** WORK INSTRUCTIONS **
What is wanted is every line below from the one with "sheet-media-price-01.jpg" up to and including the one with "Brunello Cucinelli Coats In Camel", retyped exactly, pictures excluded, nothing else.

SOURCE INFORMATION: Begin

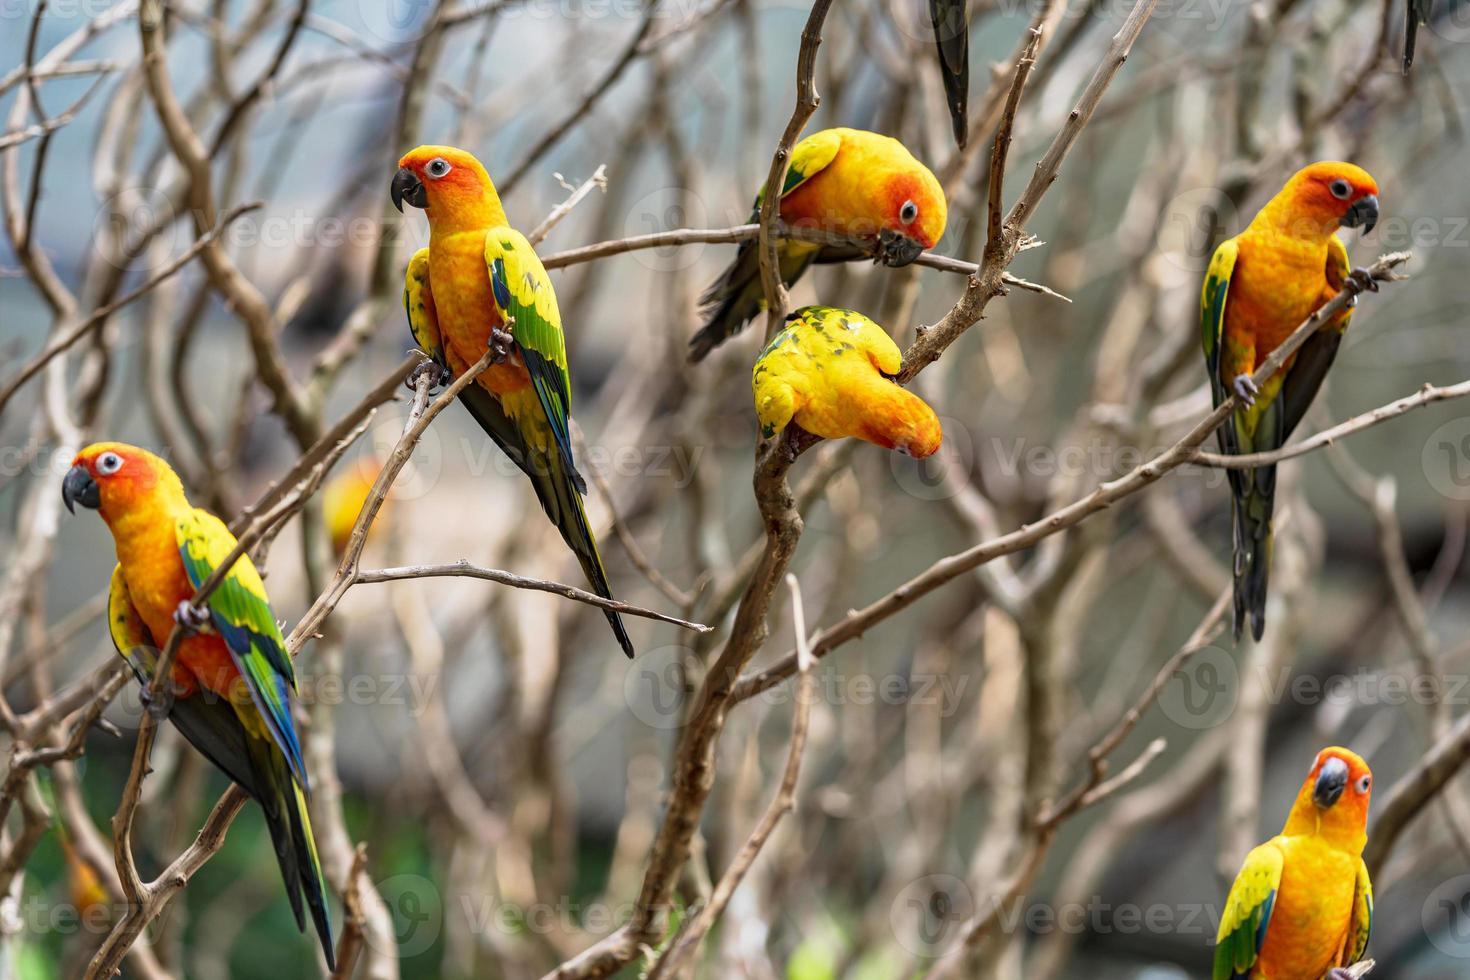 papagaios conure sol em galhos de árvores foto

SOURCE INFORMATION: End
SOURCE INFORMATION: Begin

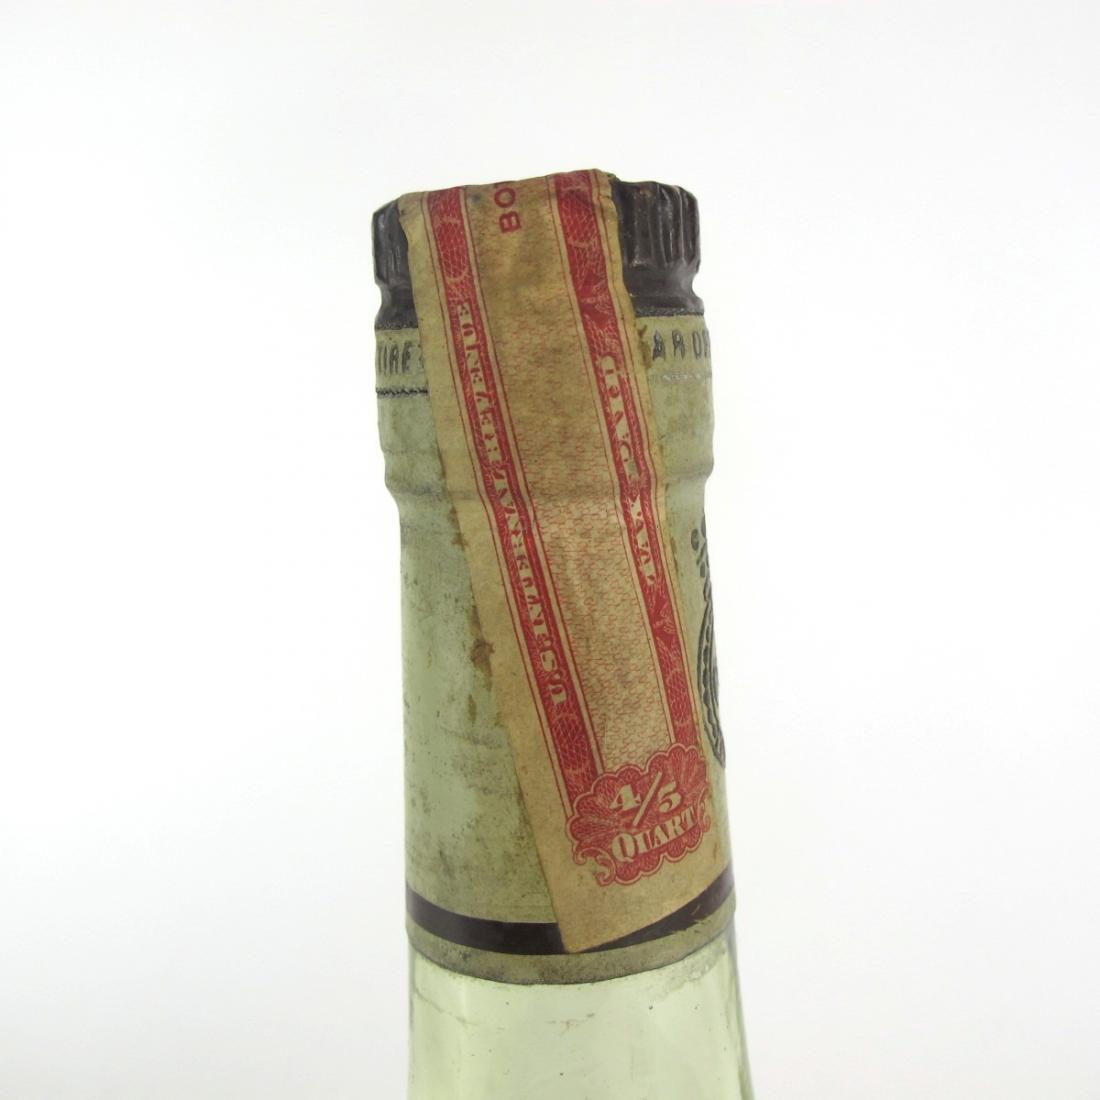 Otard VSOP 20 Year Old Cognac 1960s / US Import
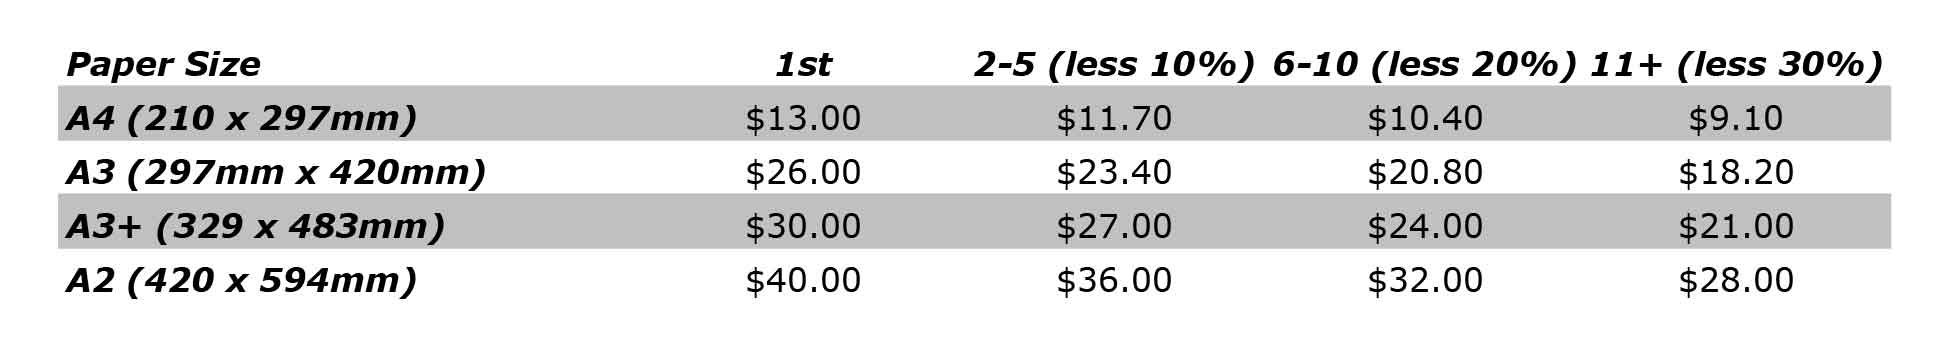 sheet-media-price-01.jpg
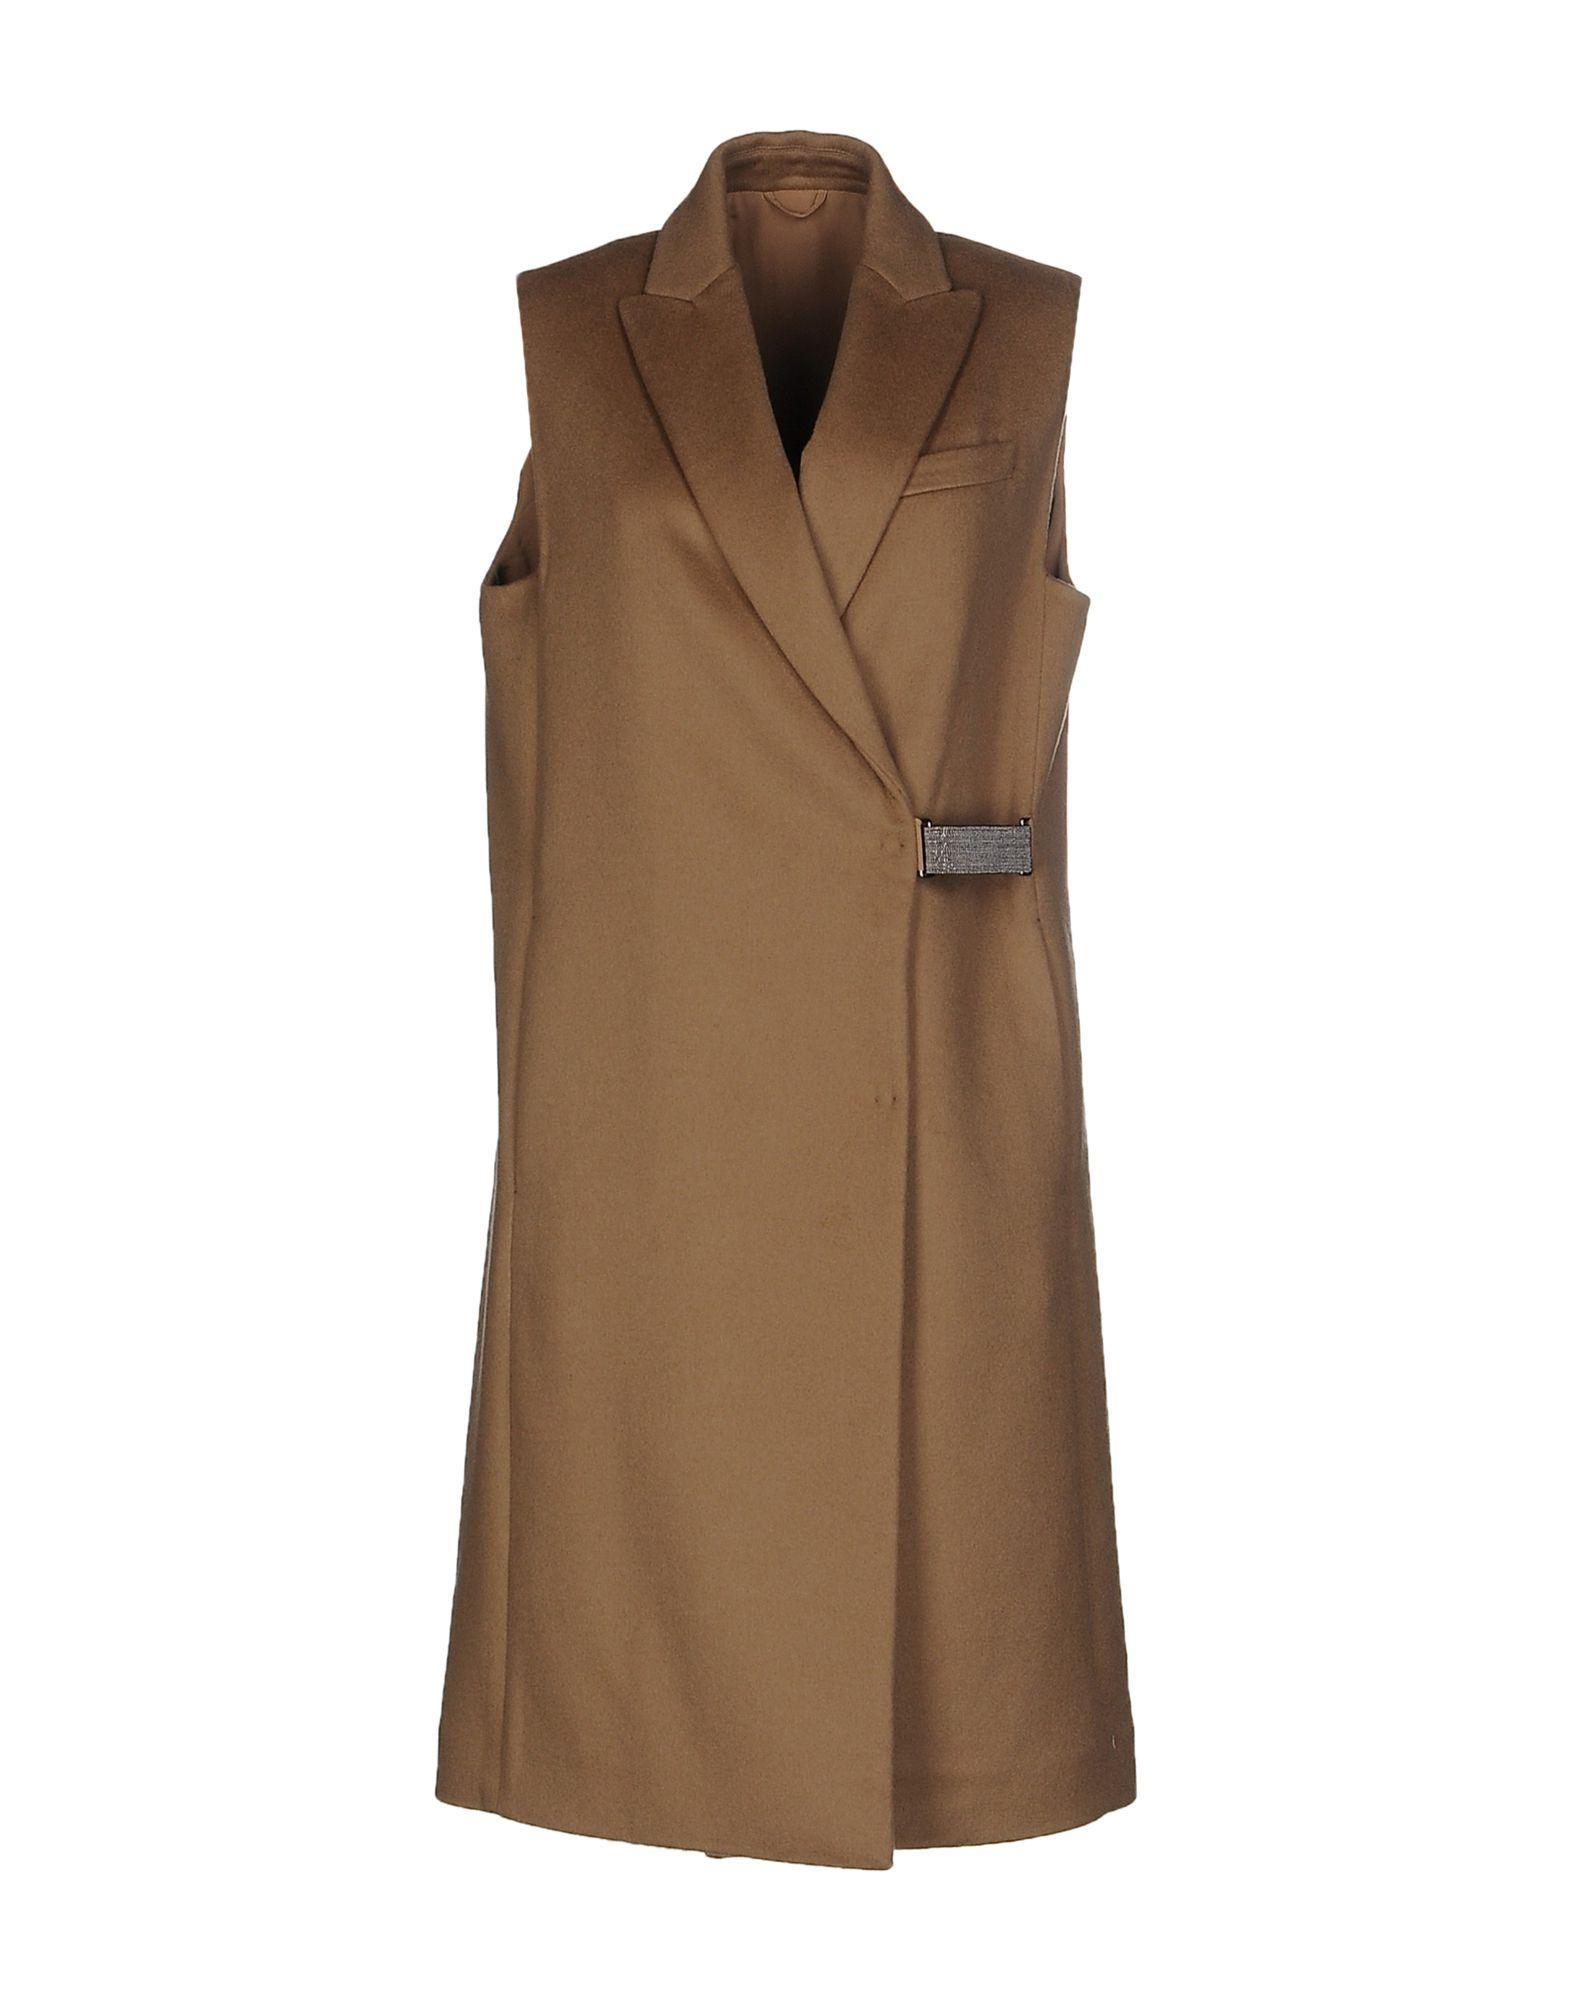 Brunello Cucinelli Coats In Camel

SOURCE INFORMATION: End

** ANSWER BOX **
 sheet-media-price-01.jpg
 Brunello Cucinelli Coats In Camel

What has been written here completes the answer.